Ja, wir sind immer noch hier. Seit Freitag dem 27.3.2020.

Seit ein paar Tagen telefonieren wir fast täglich mit einem Herrn der deutschen Botschaft. Uns ist es nicht wirklich verständlich, weshalb sich die Zollfrage so lange hinzieht. Eigentlich sollte es nicht so schwierig sein, in dieser Ausnahmesituation eine schnelle und einfache Lösung zu finden. Doch wir werden immer wieder vertröstet. Die Botschaft hat alle Hände voll zu tun Flüge und Reise-Ausnahmengenehmigungen (die Provinzgrenzen sind noch immer gesperrt) zu organisieren. Anscheinend wird ihnen das Leben von saudischer Seite nicht einfach gemacht, wie der Herr der Botschaft sagt. Ein Erklärungsversuch von seiner Seite.

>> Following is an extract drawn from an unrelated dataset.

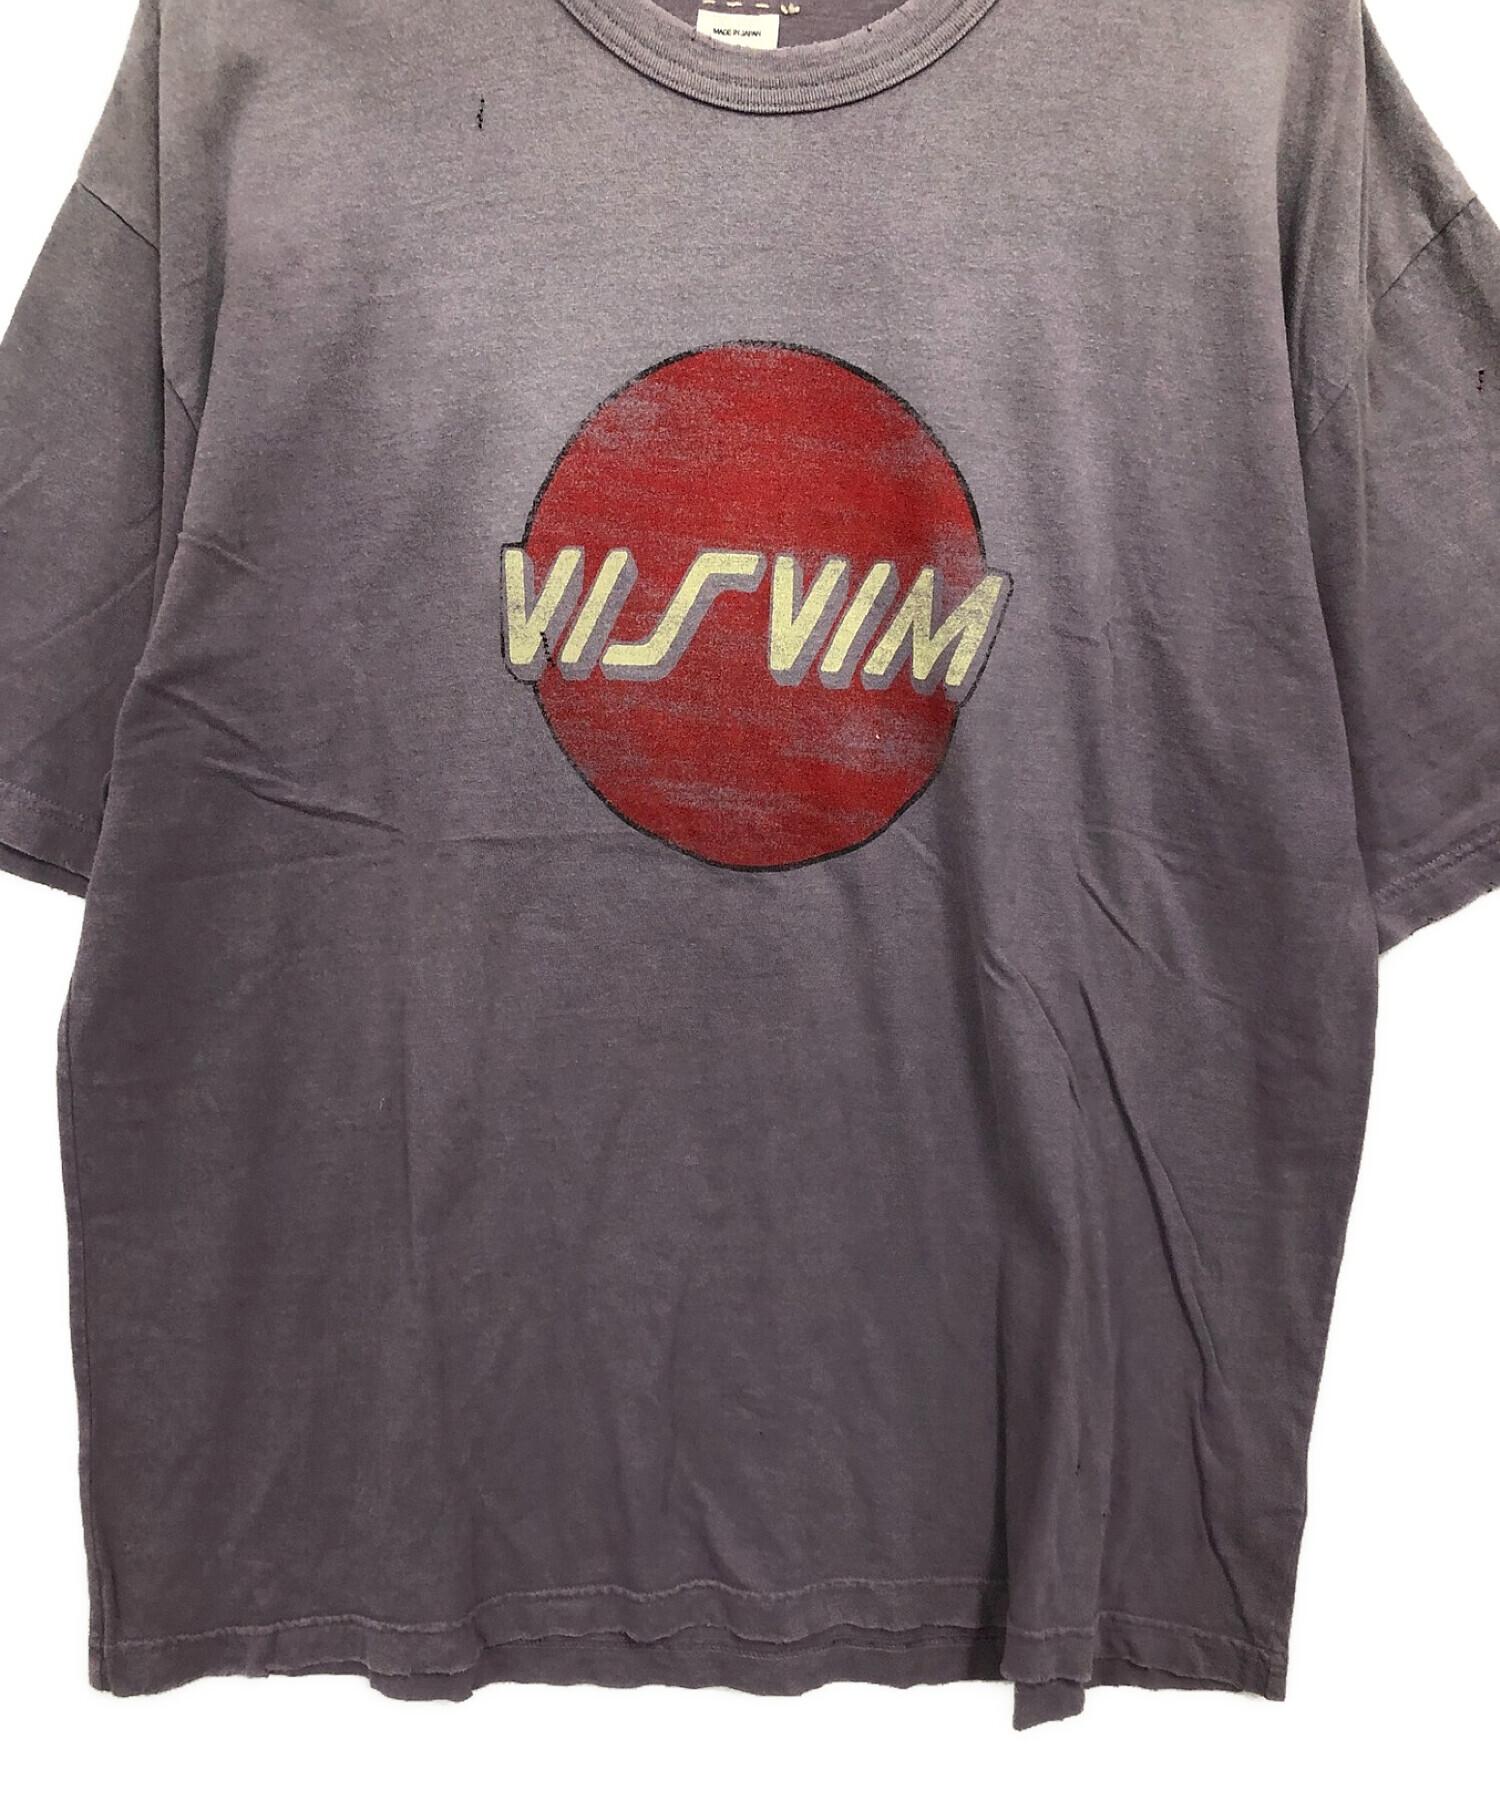 中古・古着通販】VISVIM (ビズビム) 半袖Tシャツ パープル サイズ:5

Dieses Auf und Ab zwischen Hoffnung und Enttäuschung nimmt uns alle emotional mit. Man kann halt nichts planen und wir sitzen fest. Keiner weiß, ob für einige Wochen, Monate oder ein halbes Jahr… Die Ausgangssperre von 15 – 6 Uhr macht es nicht besser. Es ist ein Gefängnis, wenn auch ein Schönes mit sehr angenehmer Gesellschaft. Dennoch kann dieser Zustand noch lange, noch sehr lange andauern. Die Zahl der neu Infizierten nimmt trotz der schnellen Reaktion des Königs und dessen strickten Reglementierungen zu statt ab. Deshalb möchten wir ausreisen.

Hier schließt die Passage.